As odd as the story was, I was fascinated. I’d only ever read history texts before. We didn’t have stories in the Community. It was so interesting to hear the tale unfold through the different characters.

Better than the drama of the story, though, was hearing Adrien as he read. It seemed I could never get enough of looking at his face or listening to him. After everything that had happened over the past few days, it was calming to lose myself in the lilting cadence of his voice. I settled my head against his shoulder as he read.

After a couple of hours, Adrien finally put the tablet down.

“So, the stranger Oedipus killed for insulting him on the road was actually his father?” I asked. “And the queen he married after ridding the city of the Sphinx turned out to be his mother?”

Adrien didn’t look up at me. He just stared down at the tablet, his eyebrows drawn.

“It’s a disturbing story,” I said, thinking that’s why he looked sad. “I wonder if people were all like that in the Old World before the V-chip. Killing strangers on the road and gouging their own eyes out.” I shuddered. “There was so much violence before the V-chips.” Then I thought about the Chancellor, the Uppers, and the Rez fighters here at the Foundation. It seemed no one without the V-chip could stay peaceful for long. Maybe that was the price of having emotion, that the bad always came along with the good.

Adrien didn’t respond. He seemed preoccupied, and after a few moments of silence, he looked up. “Do you think the oracle knew what was going to happen?”

“What do you mean?” I asked, surprised by the question.

“When he told the king what his son was going to do when he grew up. Do you think the oracle knew that it was his words that would set it all in motion?”

“I don’t know,” I said slowly.

“None of it would have happened if the stupid oracle had kept his mouth shut. The baby wouldn’t have been put out on the rocks and he would have grown up knowing who his dad and mom were, and they’d all still be alive and sane.”

When he looked back up at me, I could see tears rimming his eyes.

“Adrien, what’s going on?” I tried to take his hand, but he pulled away.

“I gotta go.” He stood up abruptly.

“Adrien, wait,” I stood up too. “Are you okay?”

“I’m fine,” he said. He turned his head away. He knew I could read him better than anyone else, and he didn’t want me to see his face.

“I’m just tired. I’m gonna go get some sleep.” He started toward the door.

“Wait,” I said, pleading. “Tell me what’s wrong.”

He paused but didn’t turn around. “I don’t think I should,” he finally said, his voice rough. “Look at what happened in the play. Telling people about things—” His back slumped. “It can only cause more problems. It can get people killed.”

“Adrien, it’s me. I’m not just people. I’m your…” I reached out and put a hand on his shoulder, trying to figure out how to say what I meant. “I love you.”

He finally turned toward me, but his eyes were still trained on the ground. “I love you too,” he said. “That’s why I can’t talk to you about this.”

He was out of the room before I could say anything back. I stomped on the ground in frustration. I wanted to run after him and demand he tell me what was wrong, but he obviously didn’t want to. Maybe it wouldn’t be right to push him.
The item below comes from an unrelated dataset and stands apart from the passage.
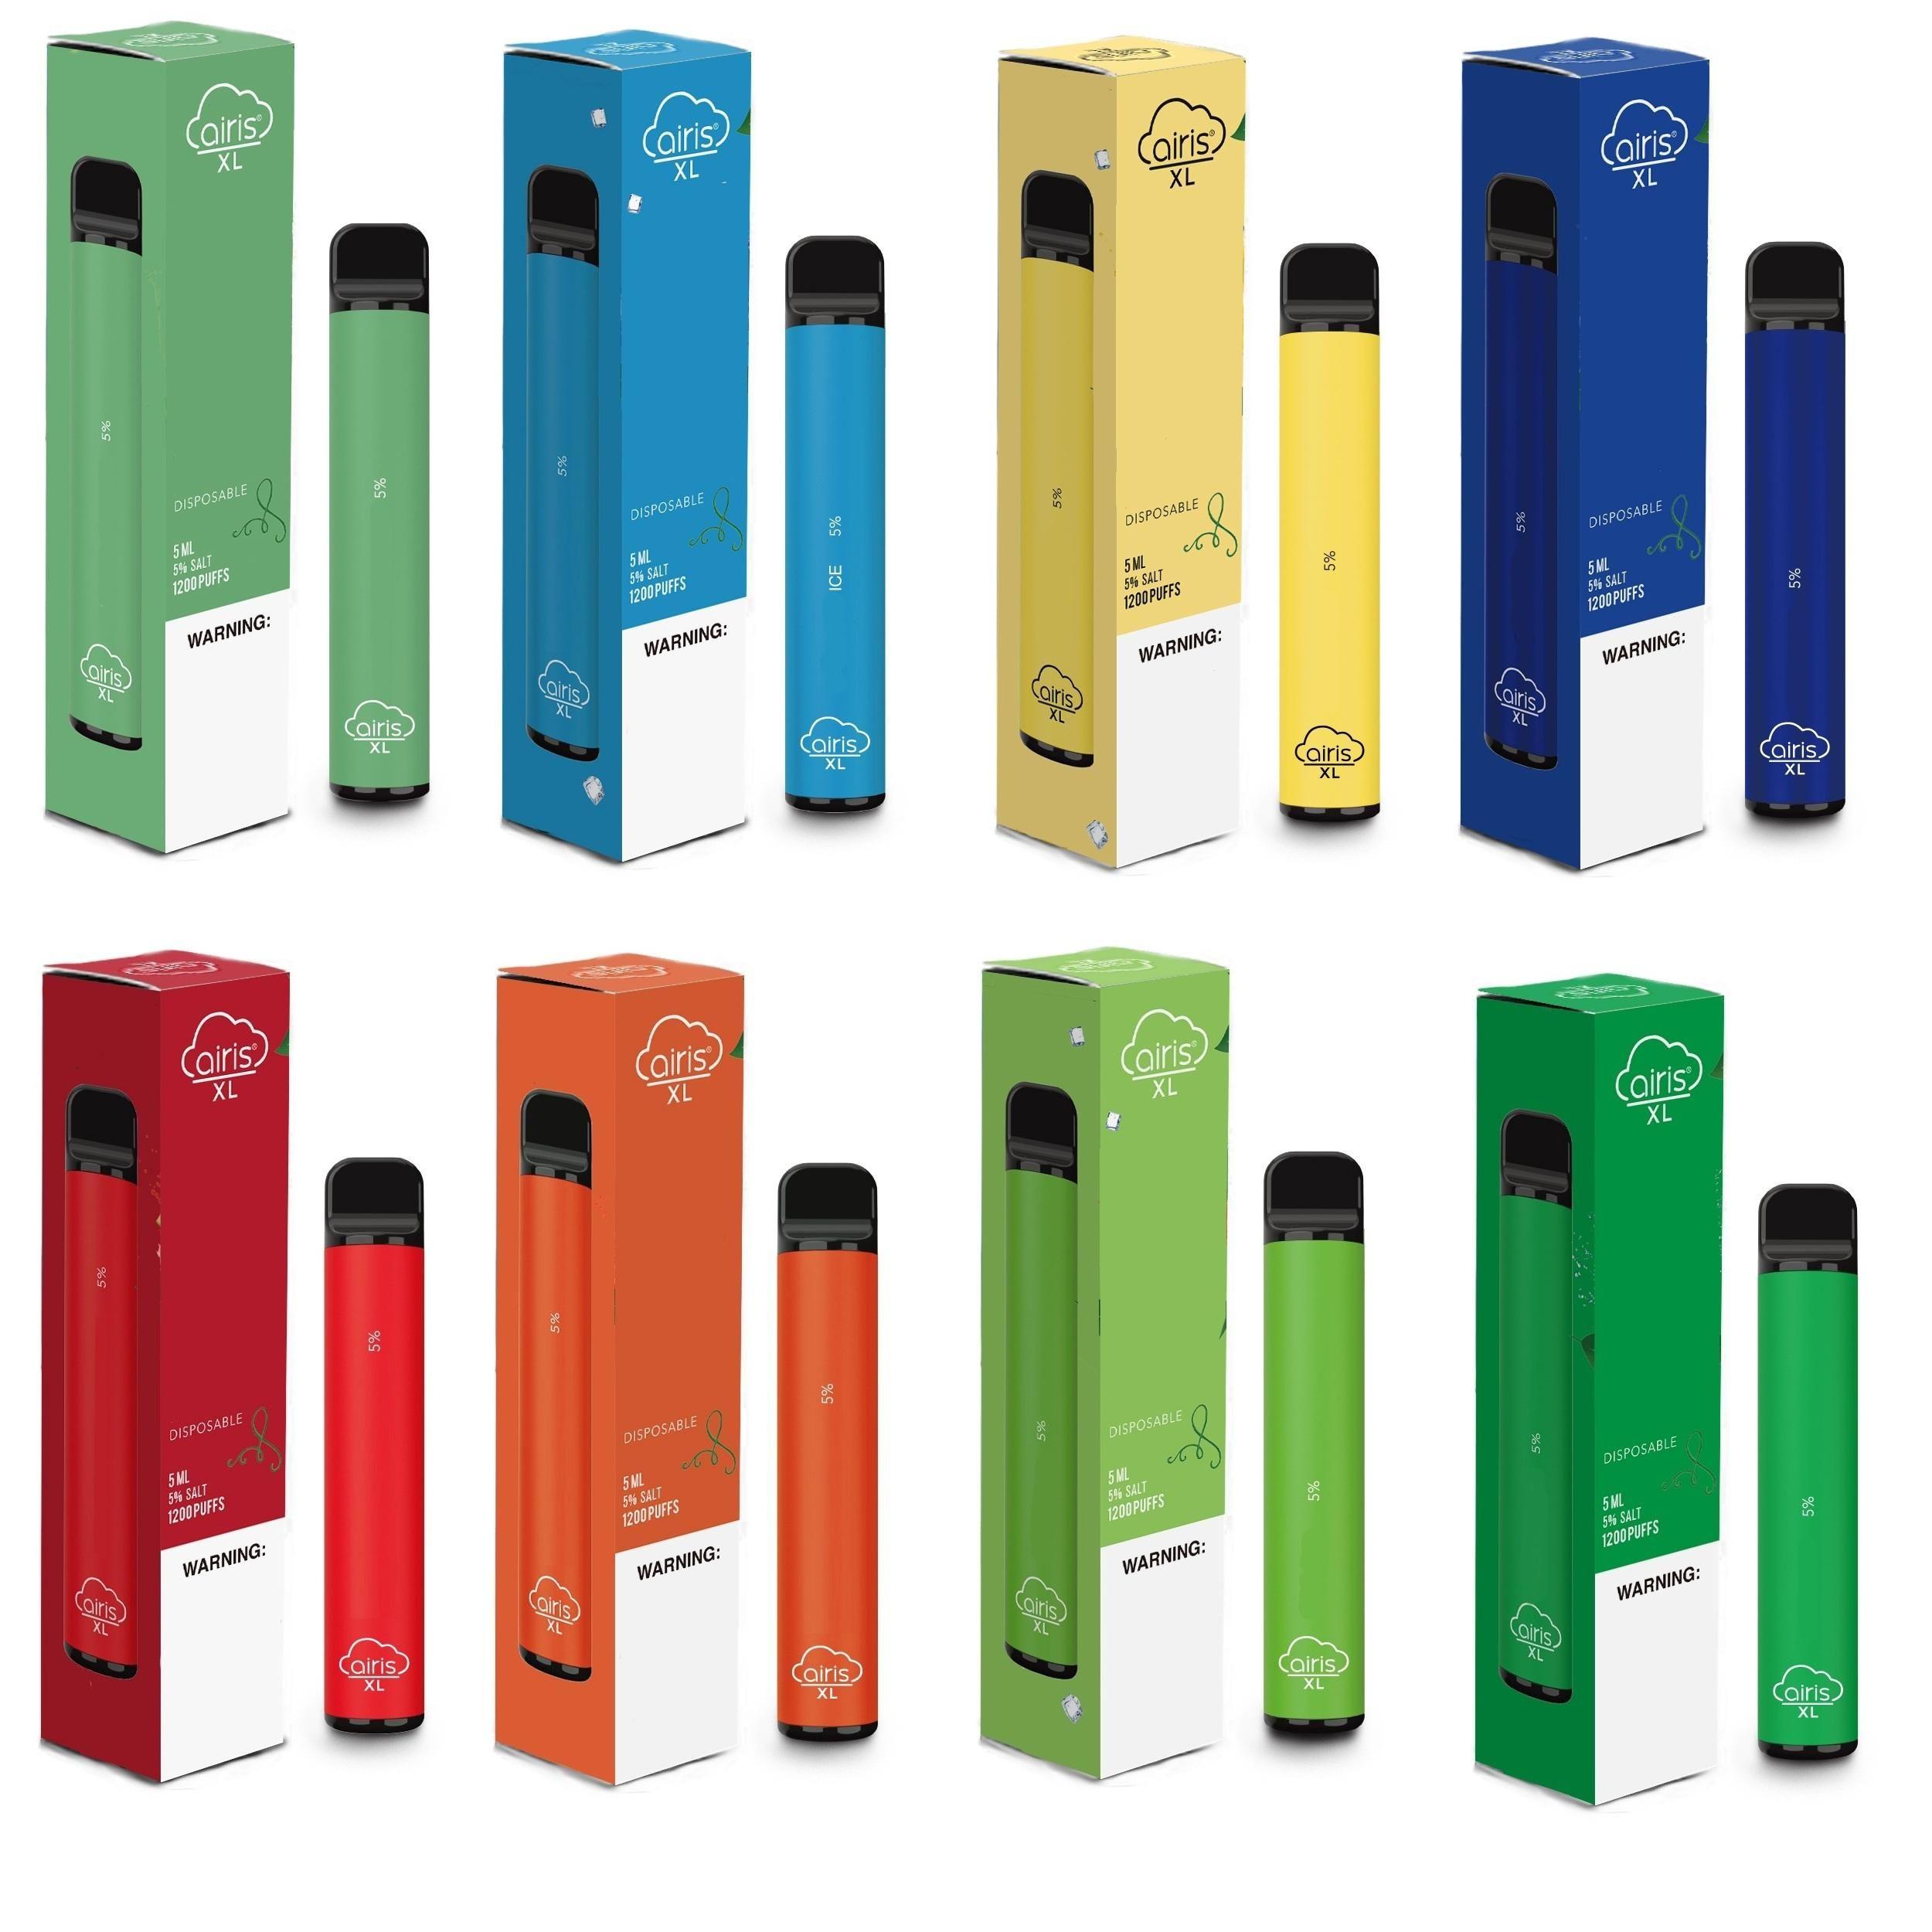 Orijinal Airis XL Tek Pod Cihaz Seti 1200 Puff 850mAh 5ml Prefilled Taşınabilir Vape Çubuk Kalem Bar Artı XXL Max% 100 Otantik 12 Renkler

I thought about the shadows under his eyes, the way his ribs poked out through his shirt sometimes. Something had been weighing on him for a while now. I realized now it wasn’t only guilt I saw in his eyes sometimes. It was fear.

Which brought up the most worrisome question of all. What did Adrien see in his visions that made him so afraid?

Chapter 9

“I’M SO EXCITED we’re going to be roommates,” Ginni said, almost bouncing where she stood. It was like the girl had invisible springs attached to the balls of her feet. She laced her arm through mine as I looked blearily at the clock on the wall. She and Xona had let me sleep in while they went to morning classes but had come to get me for lunch. I felt like I could sleep another twelve hours. But my stomach grumbled, and I was hungry enough that I could swallow down a whole bowlful of protein goop, maybe even two.